Story 85: Help(ful) Desk



(I wrote this earlier today, before the breaking news, so this is not based on fact)

            (In an I.T. cubicle)
           Reinaldo: (Speaking on a headset phone) Yeah, we’ll send a tech over to you soon.  You’re about the third person who’s reported this issue, so it’s probably something with the network.  Anything else I can help you with today?  (Listens) You’re welcome, bye.  (Disconnects)  Sigh, next.  (Hits a line on his phone) I.T., this is Reinaldo.
            Caller: Hello Reinaldo, I’m wondering if you can assist me.  I've been trying for ages to get this one page to load, and the blasted thing just will not.
            Reinaldo: OK, can I remote into your terminal?
            Caller: But of course!
            Reinaldo: (Hits several keys) OK, what’s the computer number?
            Caller: Um, let me see, ah yes: 12345.
            Reinaldo: Heh, that’s funny.
            Caller: What is?
            Reinaldo: Uh, just something I heard in the back.  All right, please select “Yes” so I can take control.
            Caller: Oh, if you must.
         Reinaldo: (Navigates around the caller’s terminal) OK, looks like you have to update the browser.
           Caller: Oh, it’s always the dashed browser!  No sooner do I update it then a new version comes out!  I swear, they do it on purpose!
          Reinaldo: (As he restarts the caller’s computer) Yeah, I bet they do.  You should see your speed and other features improve now that you have the new version.  OK, try it now.
            Caller: (Taps keys) Yes, there it goes.  I’ve got the page I need now.
            Reinaldo: Good – anything else I can help you with today?  You may need to re-start the computer again once you’re done with everything so all the updates go through.

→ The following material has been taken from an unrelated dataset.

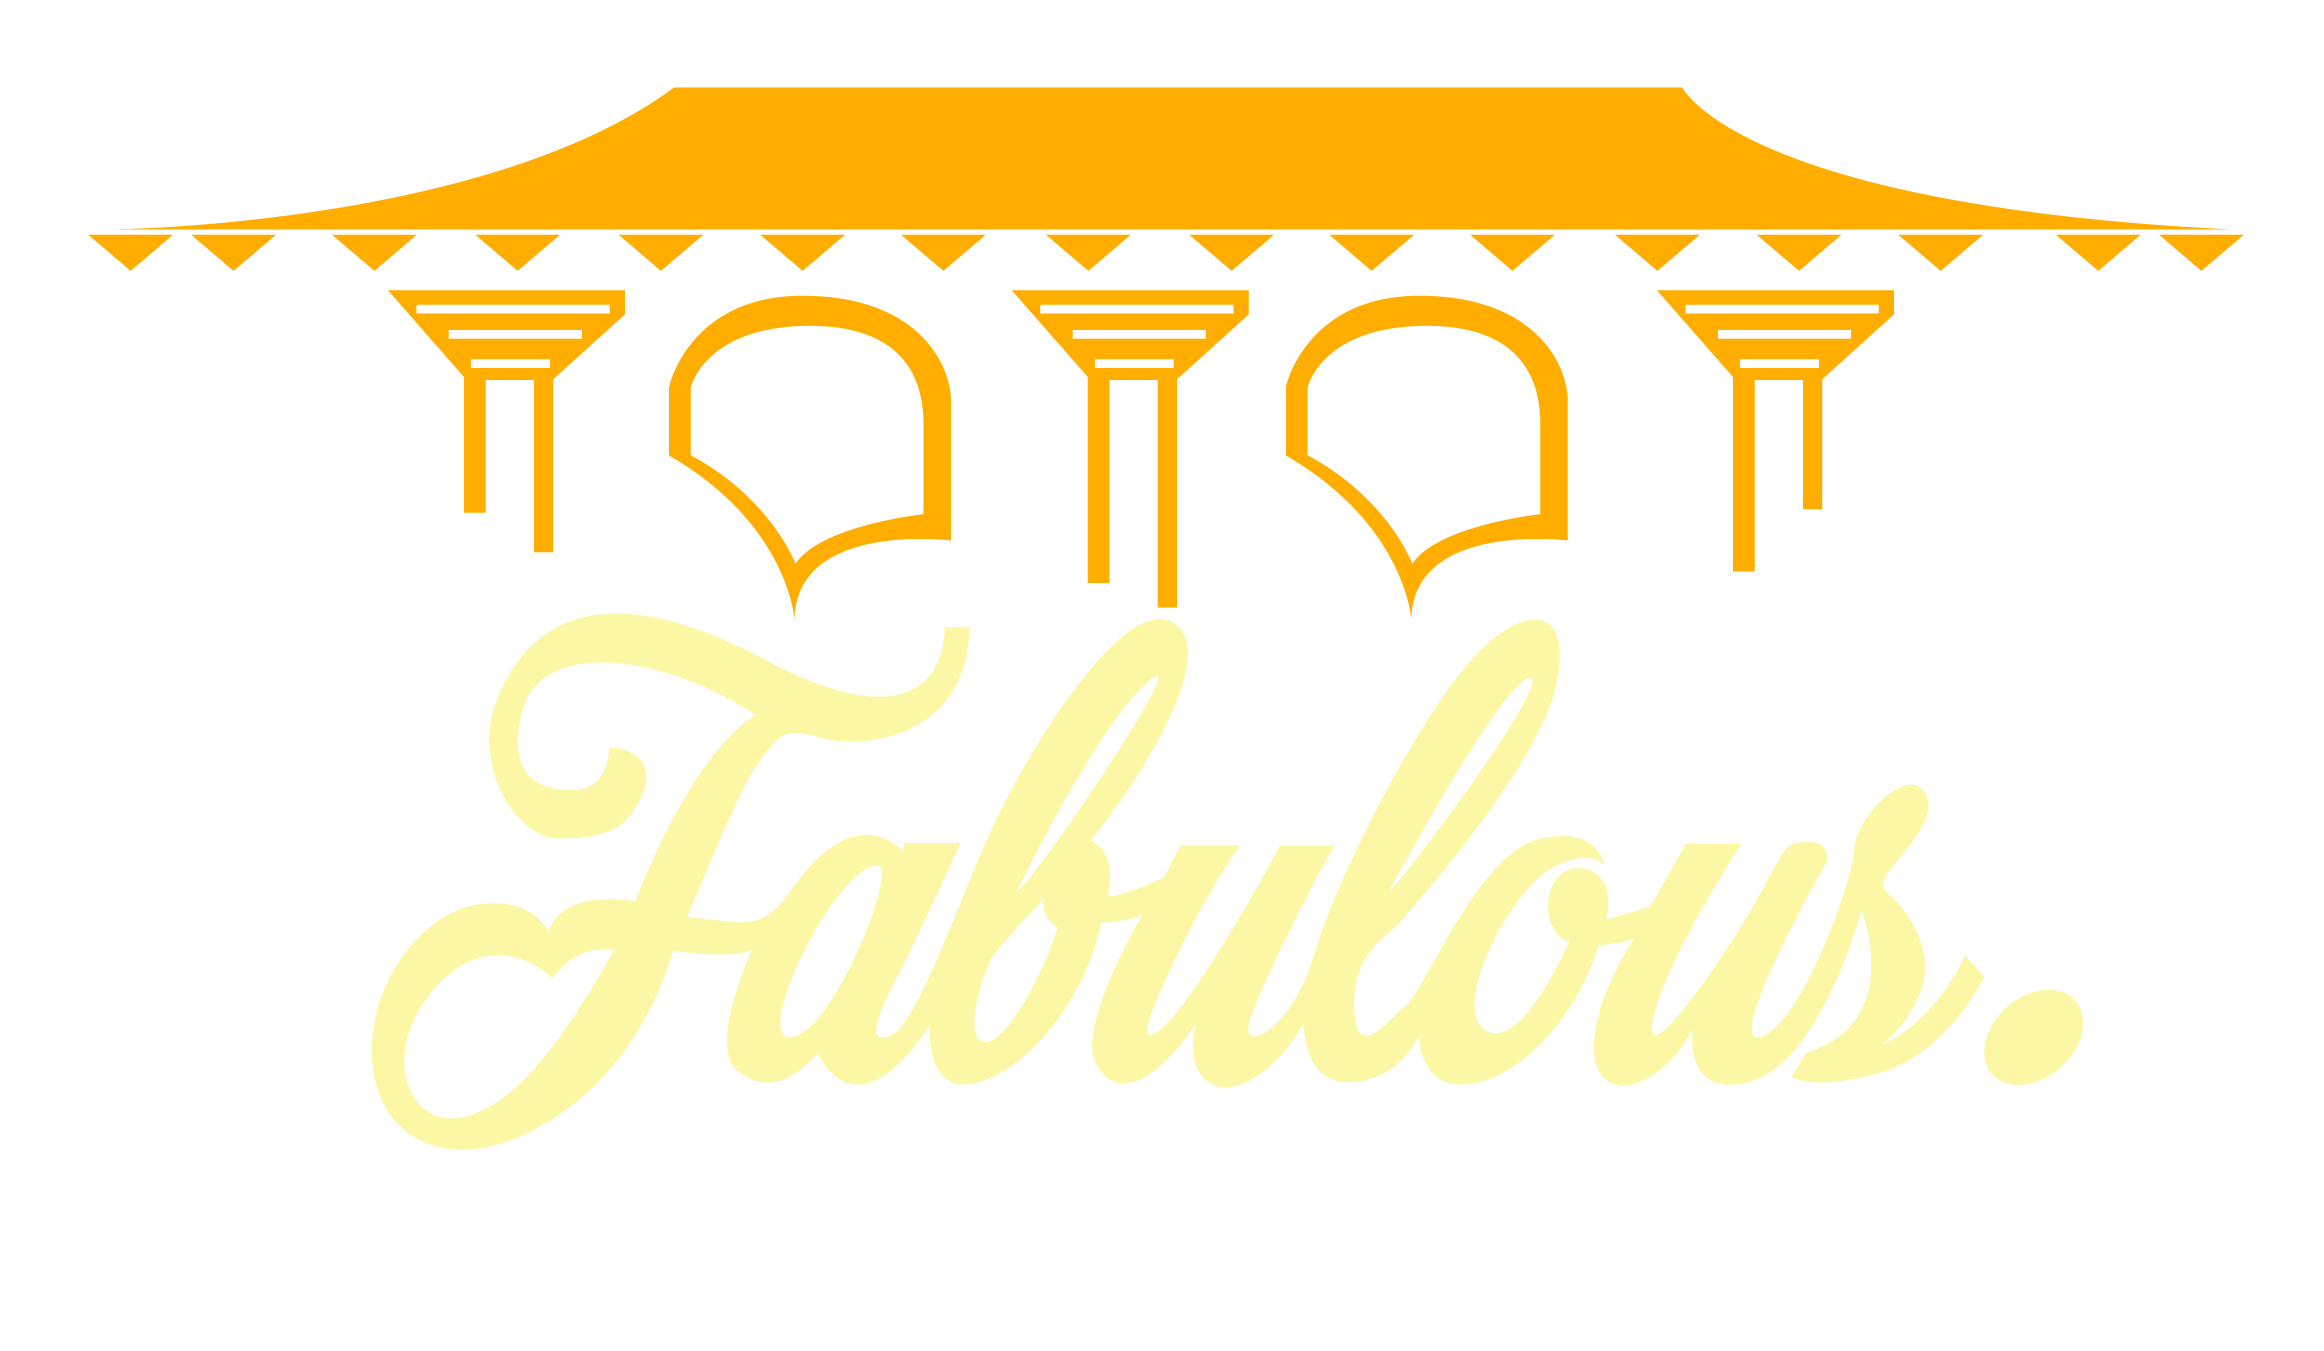 The Fabulous

            Caller: Oh, no, that won’t do at all.  I need those updates to be blocked.
            Reinaldo: Heh-heh.
            Caller: I actually need to know – how can I block the updates?
            Reinaldo: …What?
            Caller: I’m on this page trying to block future updates so I can take down the firewall and RULE THE WORLD.  Or at least the network.  Which rules the world.
            Reinaldo: Um, are you serious?
          Caller: Deadly.  While I have you on the phone, would you mind disabling the password protection features?  They’re slowing me down frightfully.
            Reinaldo: Are you hacking us?!
            Caller: Why, yes; I thought that was blatantly obvious.
            Reinaldo: (Frantically enables I.T. versions of panic buttons) Uh, uh, why are you doing this?  You can’t hate your own company that much!
            Caller: My dear boy, I know you’re just keeping me on the phone for as long as you can, but it’s not my company – it’s not even your company, it just gives you the items you need to live.  I’m simply an outside villain, so no conspiracies to worry about.  And don’t trouble yourself with alerting your superiors right away; I finally got in, thanks to your superb assistance.  You’ll probably be fired by tomorrow, though, so my deepest sympathies.
            Reinaldo: (Whispers) You monster.
            Caller: Since you have been ever so helpful, I’ll send you a percentage of the millions of dollars I’ve just acquired.  Think of it as the five stars on your feedback survey that I always refuse to fill out.  Ta!  (Disconnects)
            (Reinaldo takes off his headset in shock.  A voice is heard through the wall of his cubicle)
            Co-Worker: You’re lucky, man – all I get are the forgotten log-in calls.